3.  Service Robots: A Bridge for Natural Interaction

Service robots (such as household robots and restaurant robots) need to understand human needs and achieve more natural human-machine interaction through tactile perception:

- Household Robots: When grasping a glass, for example, pressure sensors control the grasping force (to prevent slipping), texture sensors detect the material of the glass (e.g., the difference between ceramic and plastic), and temperature sensors perceive the temperature of the glass (to remind users to be careful of burns), achieving human-like services.

- Restaurant Robots: When delivering meals, tactile sensors perceive the temperature of the dinner plate (to avoid scalding customers) and pressure sensors detect the weight of the plate (to adjust walking speed), improving service efficiency and safety.

 

Despite significant progress, multimodal tactile sensing technology still faces challenges such as signal crosstalk, system integration, and intelligent algorithms. Future development should focus on higher integration, stronger intelligence, and broader application scenarios.

1.  Current Challenges

- Signal Crosstalk: Signals from different sensors (e.g., pressure and temperature) may interfere with each other. For example, temperature changes can affect the capacitance value of pressure sensors, leading to measurement errors.

- System Integration: The integration of multimodal sensors needs to address issues of physical space (e.g., sensor layout) and signal processing (e.g., fusion of multi-source data), increasing system complexity.

- Intelligent Algorithms: Existing algorithms mostly rely on supervised learning, which requires a large amount of labeled data (e.g., the correspondence between tactile data and object properties), limiting the generalization ability of the algorithms.

2.  Future Development Directions

- Higher Integration: Achieve "skin-like" sensors through single-material multimodality (e.g., gelatin-based hydrogels) or flexible electronic technologies (e.g., printed electronics), improving integration and durability.

- Stronger Intelligence: Reduce reliance on labeled data and improve algorithm generalization ability through unsupervised learning (e.g., autoencoders) or reinforcement learning (e.g., robots learning tactile feedback through trial and error).

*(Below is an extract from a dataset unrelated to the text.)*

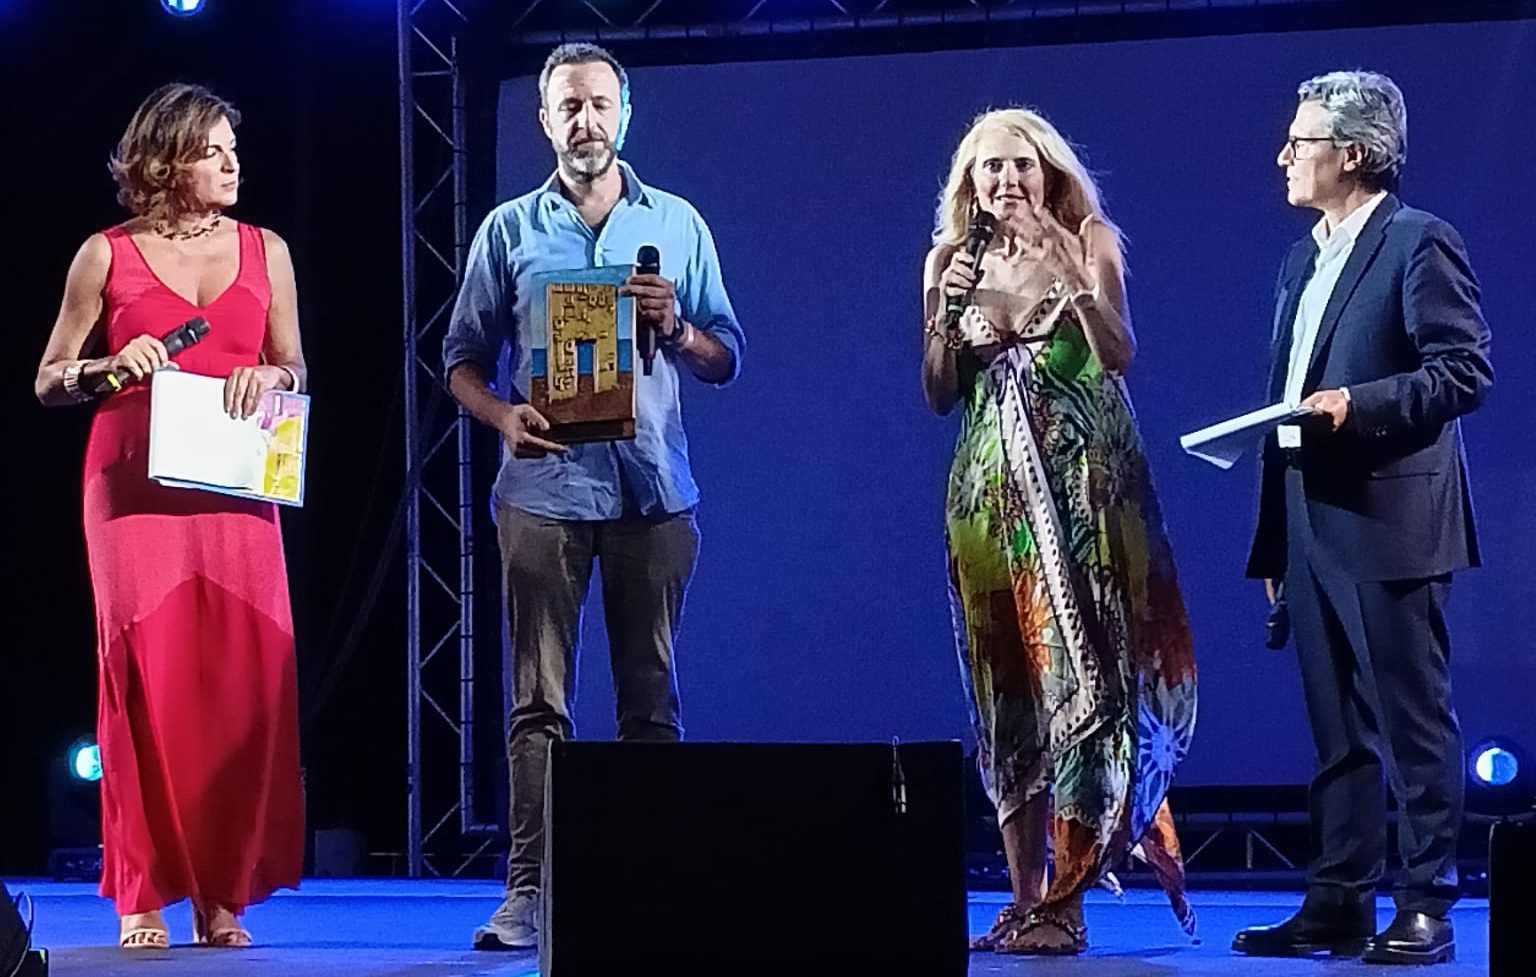 Lampedus’Amore, i vincitori del premio giornalistico Cristiana Matano

- Broader Application Scenarios: Expand from industrial applications to medical, service, post-disaster rescue, and other fields, such as developing wearable tactile sensors (e.g., tactile feedback for prosthetics) or environmental tactile sensors (e.g., monitoring building structures after earthquakes).

Multimodal tactile sensing technology is the key to enabling robots to achieve "human-like intelligence". Through multimodal sensor design, signal fusion, and bionic structure integration, it realizes comprehensive perception of object properties. With continuous technological breakthroughs (e.g., high integration, high sensitivity), its application scenarios will expand from industrial automation to medical rehabilitation, service robots, and other fields, bringing more efficient and safer human-machine interaction experiences to human society. In the future, it is necessary to address challenges such as signal crosstalk and system integration to promote the development of the technology toward greater intelligence and popularization.